- WHAT THE EXERCISE ASKS -
Everything in the listing below should be written out again exactly, except the pictures.

----- DATA SECTION

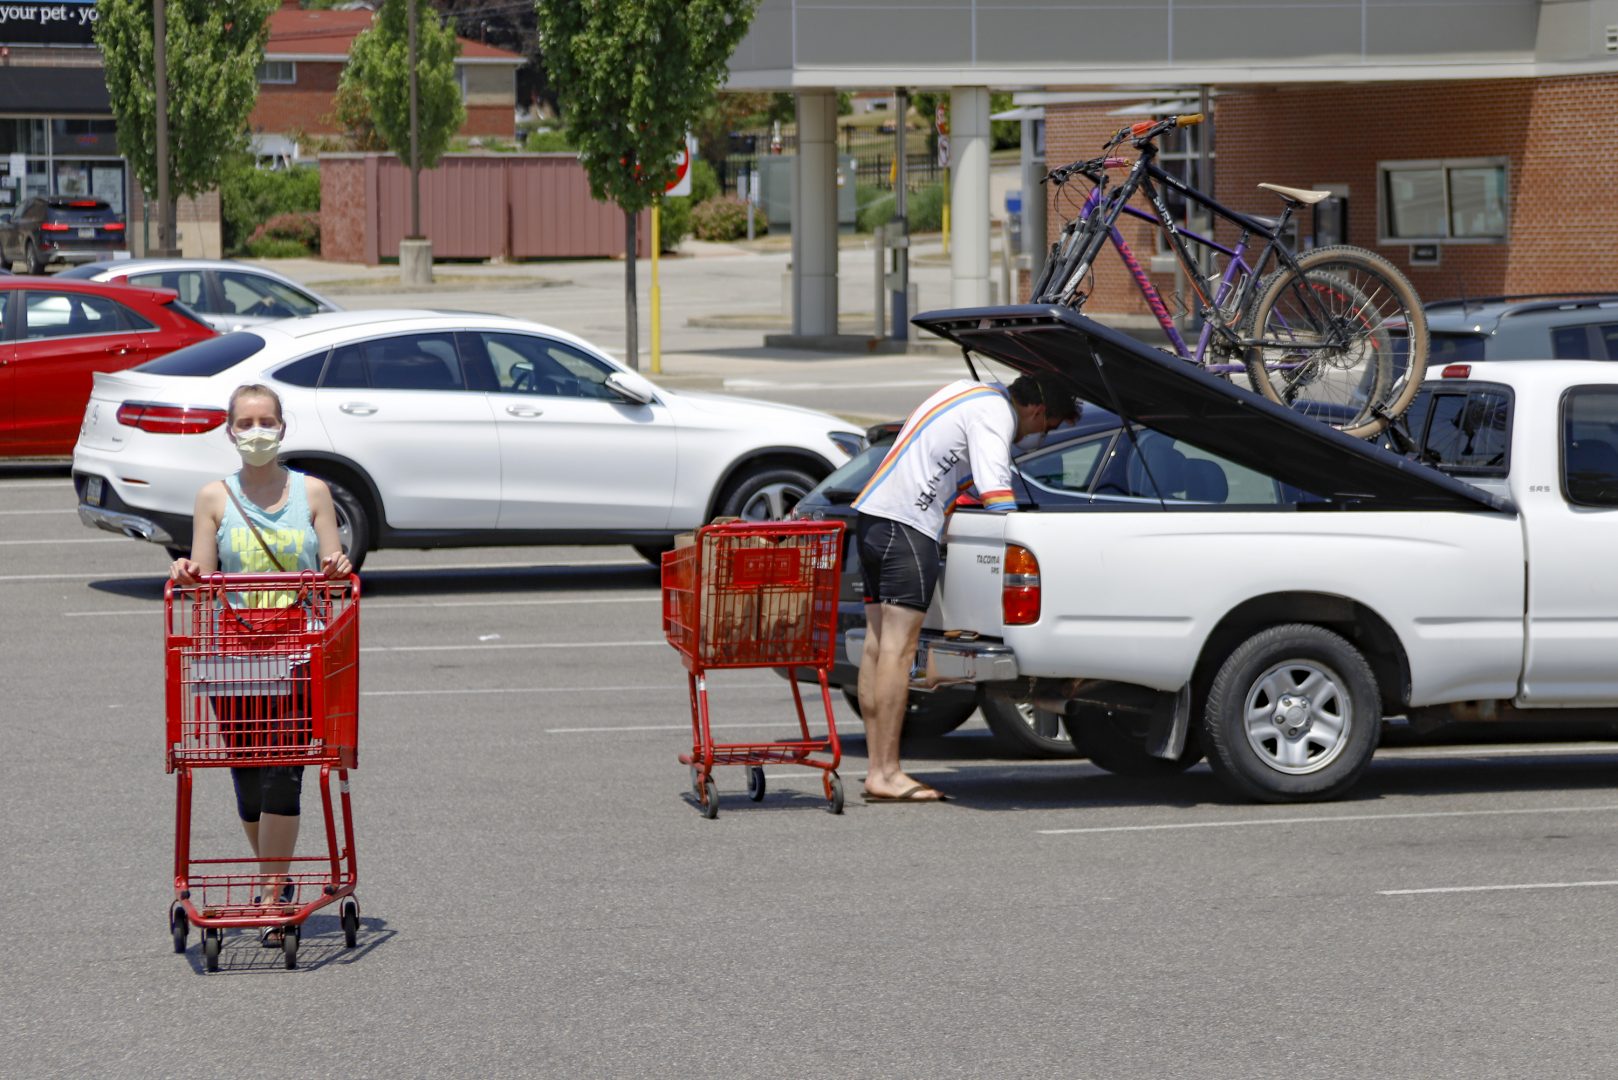 A woman and man wear COVID-19 protective masks as she pushes her shopping cart and a man loads his truck in a parking lot, Friday, July 3, 2020, in McCandless, Pa.
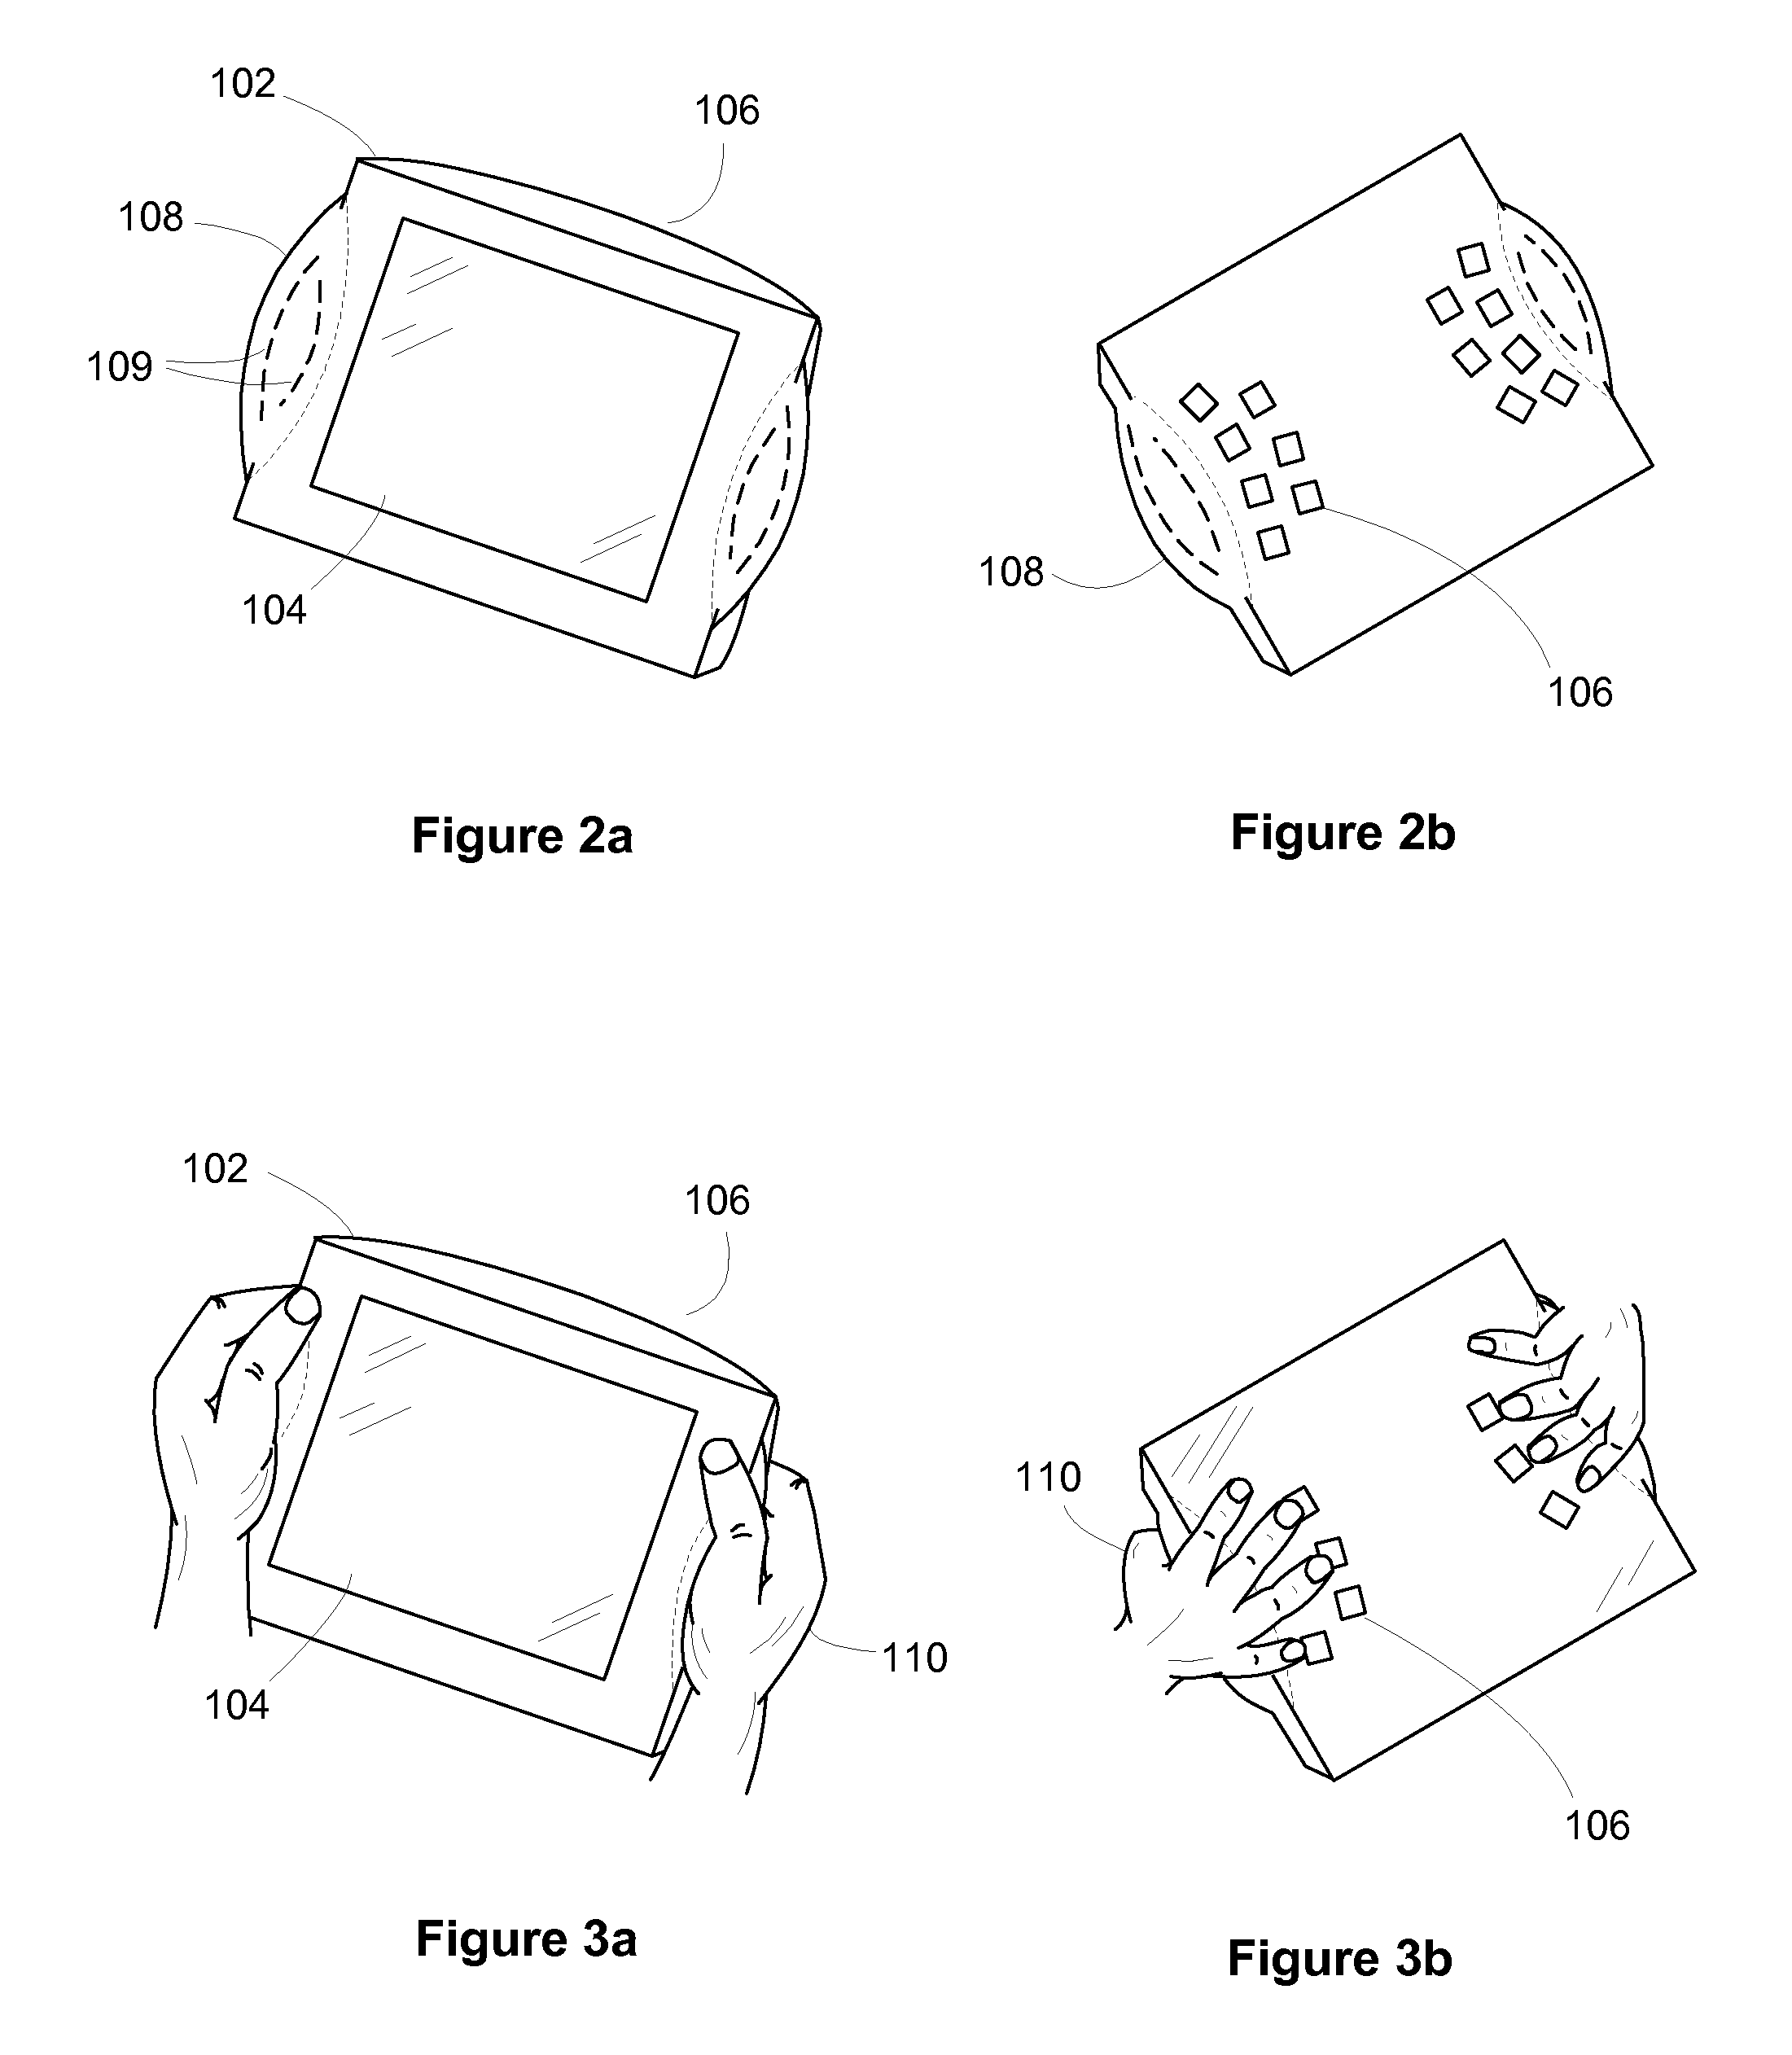 System and method for providing a keyboard type interface for a computing device
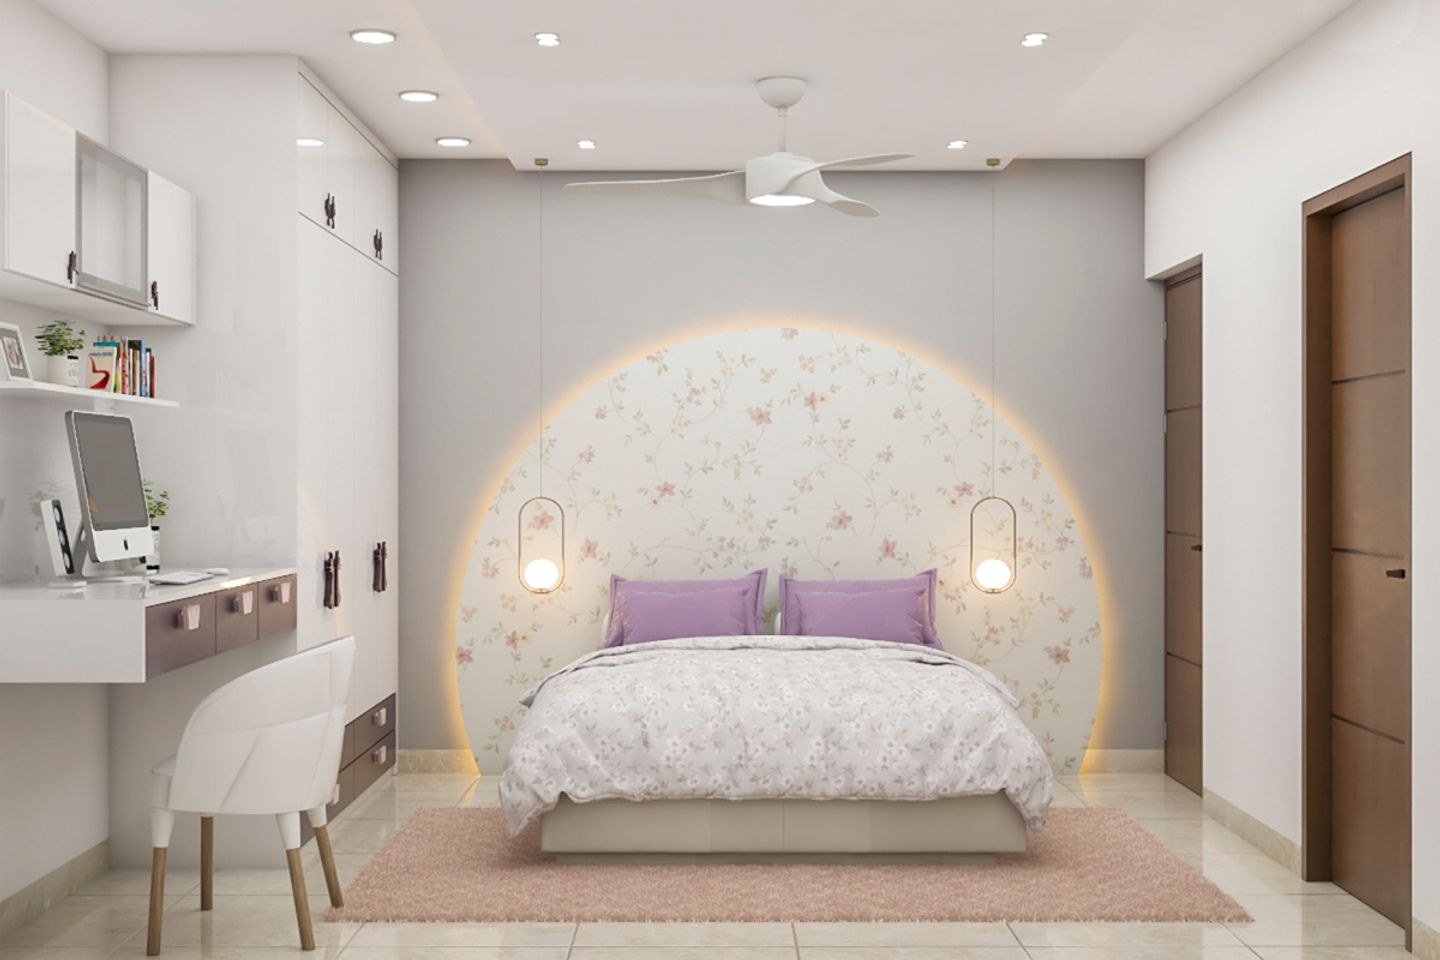 Kid's Bedroom Design With Arched Wall - Livspace

----------

- EXPECTED OUTPUT -
 A woman and man wear COVID-19 protective masks as she pushes her shopping cart and a man loads his truck in a parking lot, Friday, July 3, 2020, in McCandless, Pa.
 System and method for providing a keyboard type interface for a computing device
 Kid's Bedroom Design With Arched Wall - Livspace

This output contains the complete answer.